Russ Pitts woke me this afternoon with a phone call. He told me that they needed someone to fill in for a columnist that wasn’t double-checking all his facts. I’m not sure what they were drinking when they made that decision, but Russ seems to think it’s a good idea. Perhaps it was the small matter of the money I still owe him from that time we went to Vegas… Let’s just say he they don’t call him Russ “The Don” Pittsinelli for nothing. That means that until they find my body in a landfill somewhere, I will be filling in for the last Reliable Source writer who reportedly moved to Omaha in the middle of the night.
This week, we have gossip from the Tokyo Game Show, an insider’s perspective on what really happened with Halo Recon, and much more.
Was there a secret canceled Halo 3 project? No, I am not talking about the canceled Halo 3 MMO. Sources at Bungie would neither confirm nor deny that Halo 3: Recon and Halo 3: ODST were actually two separate projects and not a just a re-branding as Bungie originally claimed. One rumor has it that Halo: Recon was actually developed by another company (Not saying who, but it rhymes with Pykroloft Moodios) and was canceled after developers discovered that elements of the game were incongruous. Reportedly Recon featured Halo 3 story elements but used Splinter Cell-esque stealth gameplay mechanics. Our source also alluded that Bungie had to step in at the last moment and salvage what they could of the project to make the September deadline. This might explain the length of the game, as well as Microsoft’s ardent defense of the game’s price.
Remember Nintendo’s handheld before the Gameboy? No? Remember asking someone for the time just so you could watch him pull out a bitchin’ flip-screen LED Donkey Kong game and give you the time punctuated with the word “dude?” No? Me either, but that’s not stopping Nintendo from resurrecting their Game & Watch handhelds. The games rumored to be getting their very own Game & Watch’s are Wii Winter Sports, Assassin’s Creed II and Guitar Hero. I can’t think of anything that brings more joy to children than monochrome games and telling time. We’ve included leaked pictures of Assassin’s Creed II for Game & Watch. We promise we’ll do our best to get you more screens as this story unfolds.

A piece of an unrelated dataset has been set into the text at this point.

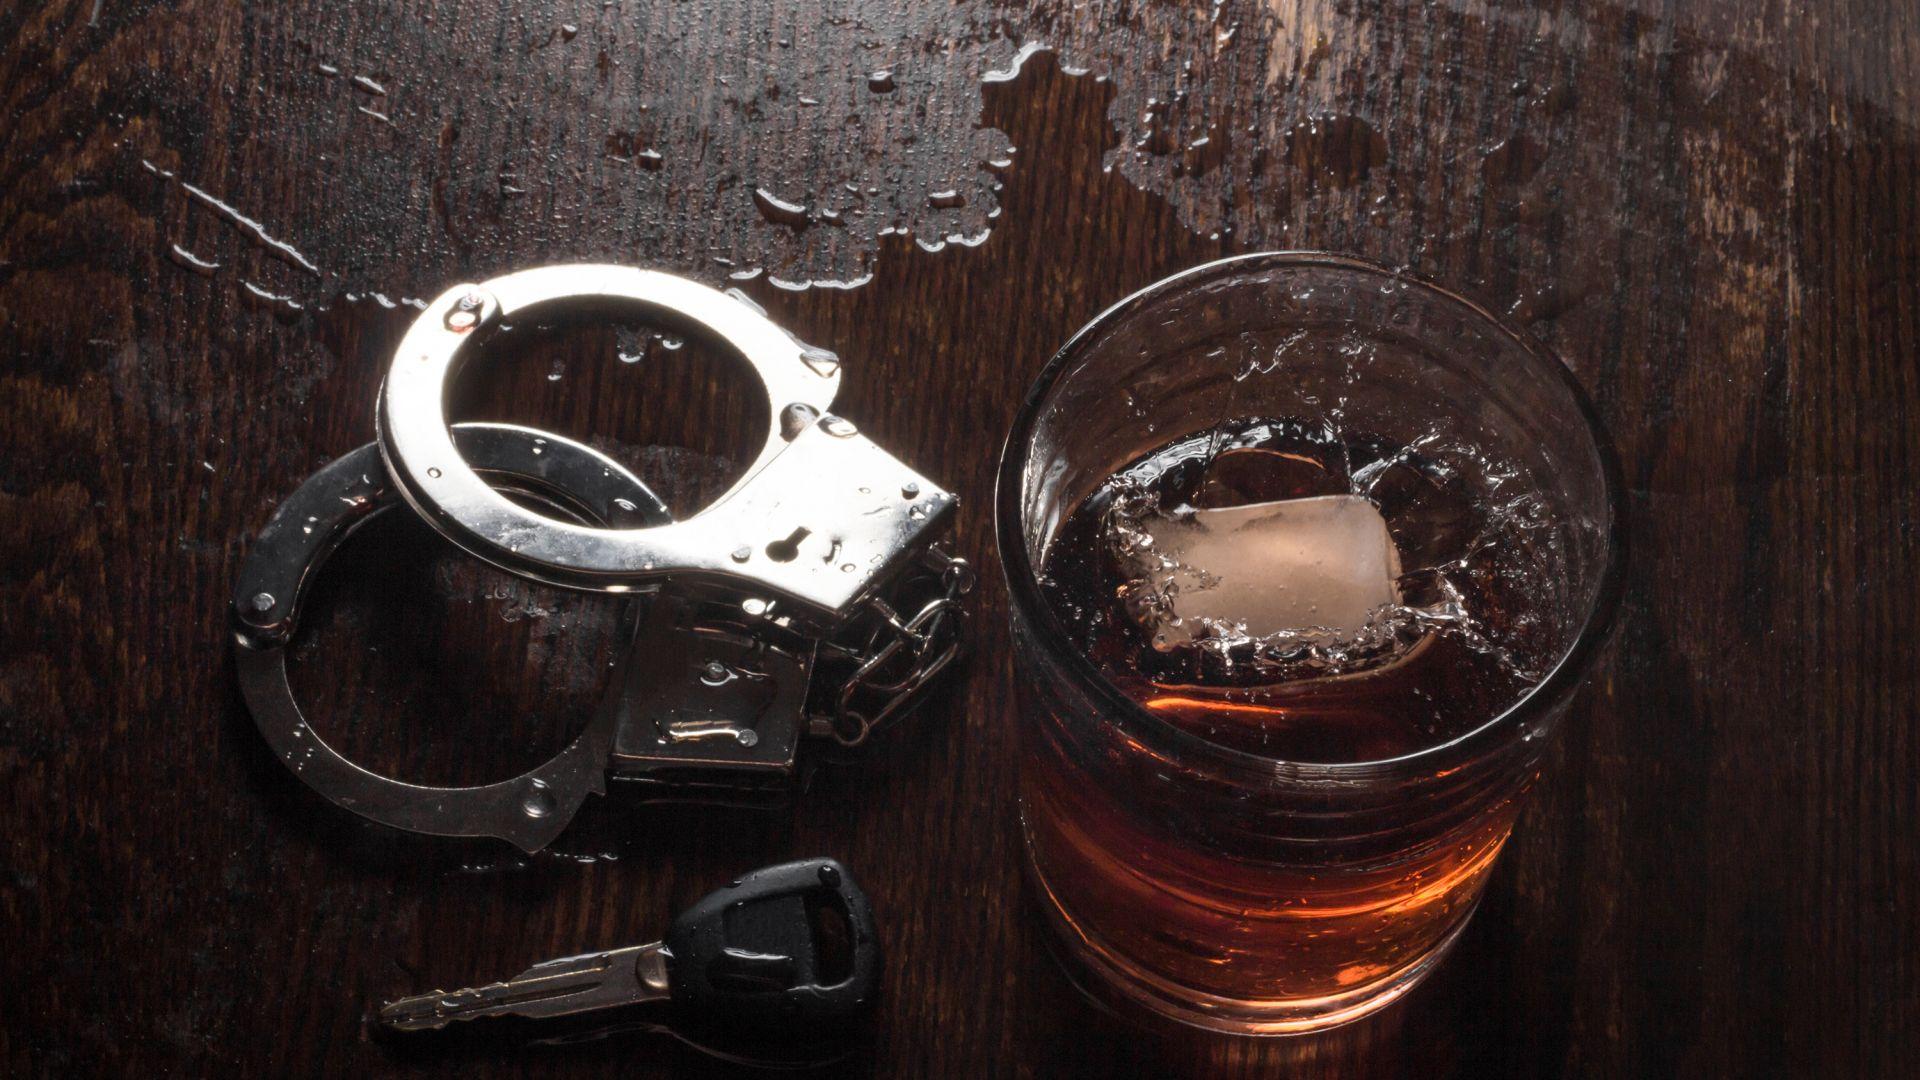 30-годишна пияна шофьорка оцеля по чудо край Благоевград

Good news if you are unemployed and planning to stay that way after the holiday season. Games pushed back until spring may be further delayed to make way for what analysts are calling “residual Call of Duty: Modern Warfare 2 sales.” Experts are suggesting that publishers are worried the Activision juggernaut is simply too popular to release another game within the same six-month timeframe of Modern Warfare 2’s release. I promised my source that I wouldn’t give any specifics about which games would be further delayed, but you shouldn’t be expecting to slay any dragons with Marilyn Manson until Q4 2010.
Keiji Inafune is disappointed with the Tokyo Game Show. Late last week, he threw a fit on the showroom floor in front of Destructoid reporters and said that the Japanese game industry was finished. Perhaps a sentiment shared by some who noticed that most of the show was dedicated to Xbox, EA and Activision. Western developers were quick to point out, however, that this sudden outburst may have been anger over having his baby,Dead Rising, ripped from his arms and given to an American 3rd party developer, Blue Castle Games, which is only known for its baseball games.
I am not sure I blame Mr. Inafune for being a little depressed over what was once primarily a showcase for Japanese products. A lot of the smaller Japanese developers didn’t show up this year and the only way you could tell TGS apart from the myriad of game conventions this year was the nationality of the people handing out convention maps at the door.
Instead, all the big players made appearances to cash in on the last PR opportunity before the Christmas shopping blitzkrieg. Worse than that, there was barely any buzz about anything that could be considered wholly Japanese. In comparison, the 2007 TGS featured MGS 4, Umbrella Chronicles, No More Heroes, Time Crisis 4 and whatever this is. This year’s big stories were Crackdown, Alan Wake, Assassins Creed, Natal and a freakin’ Zelda game produced by EA to capture more of the Japanese market. Even Japanese developers announced a partnership with evil casual game masterminds at PopCap in the shape of Gyromancer, a title which could easily be about a wizard and his delicious Greek sandwiches.
Remember when E3 closed its floor to the public? Maybe they had it right. A trade show is supposed to be about sharing fresh ideas between companies. How is that going to happen when you have PR teams whoring out games to consumers instead companies networking and sharing tips on how to overuse film grain and bloom effects?
I’d like to take a moment before I go to comfort Japanese developers. Keiji Ianfune may be right about the current state of Japanese games, but I doubt that the Japanese game’s industry will ever become completely irrelevant. After all, there will always be a market for creepy porn games.